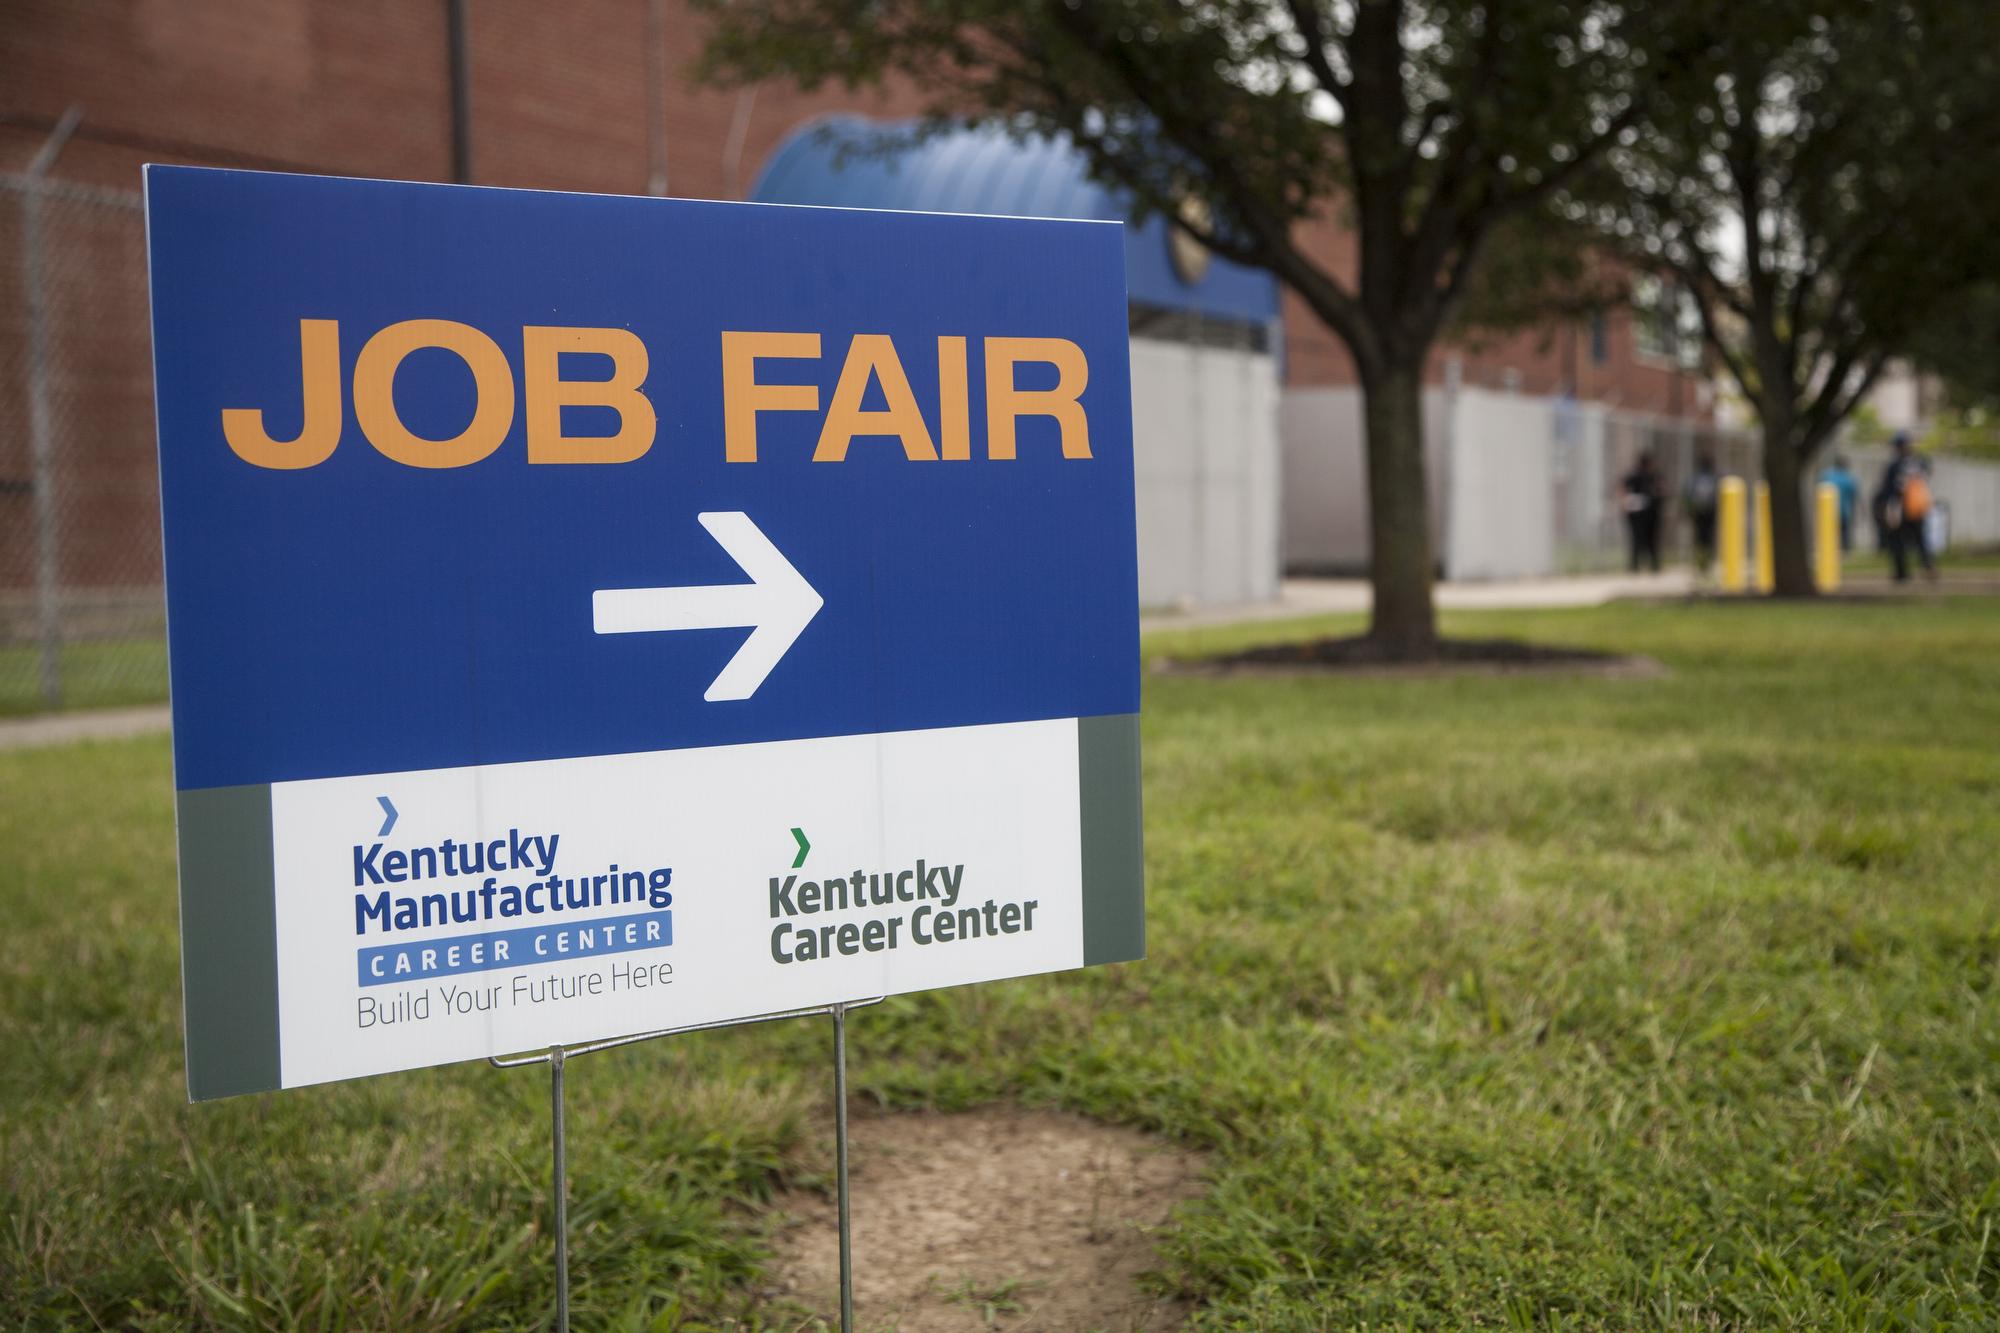 Job Fair sign.jpg
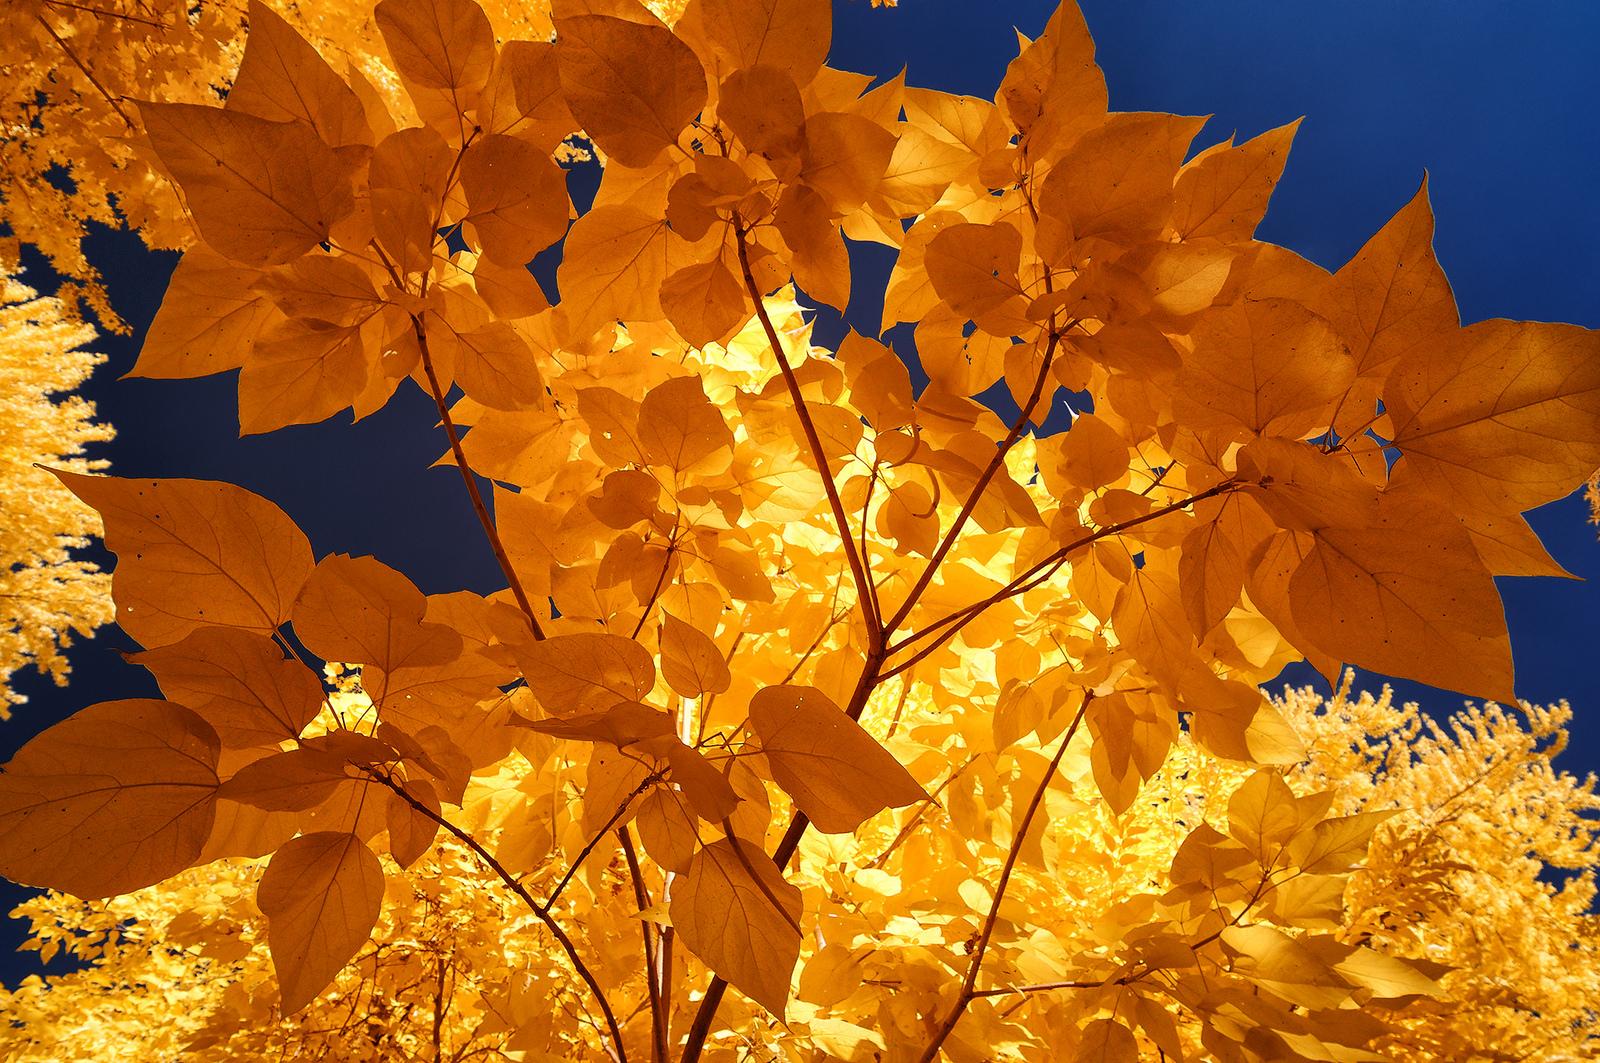 yellow-glory-by-scottie
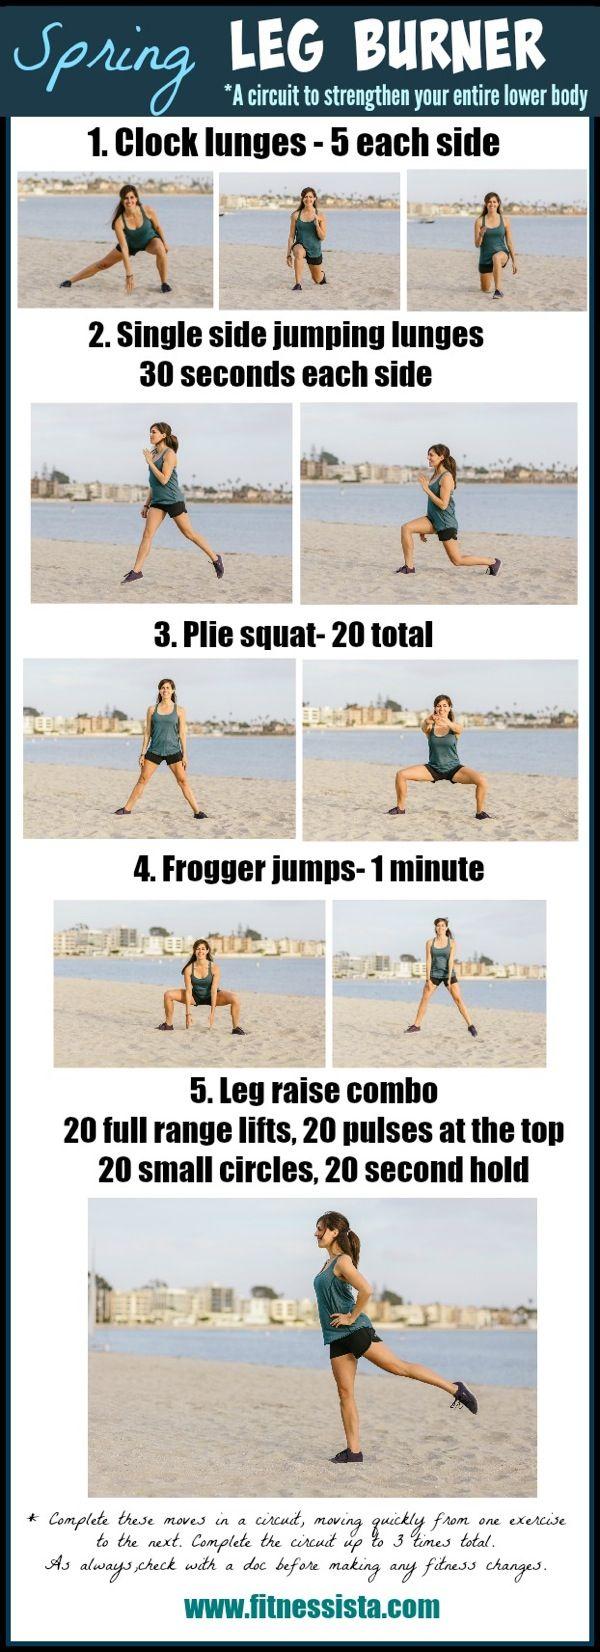 Spring leg burner. A killer leg workout you can do anywhere ...

> _Exercise aim_
Retype each line above exactly and leave out any picture.

> _Exercise response_
 Job Fair sign.jpg
 yellow-glory-by-scottie
 Spring leg burner. A killer leg workout you can do anywhere ...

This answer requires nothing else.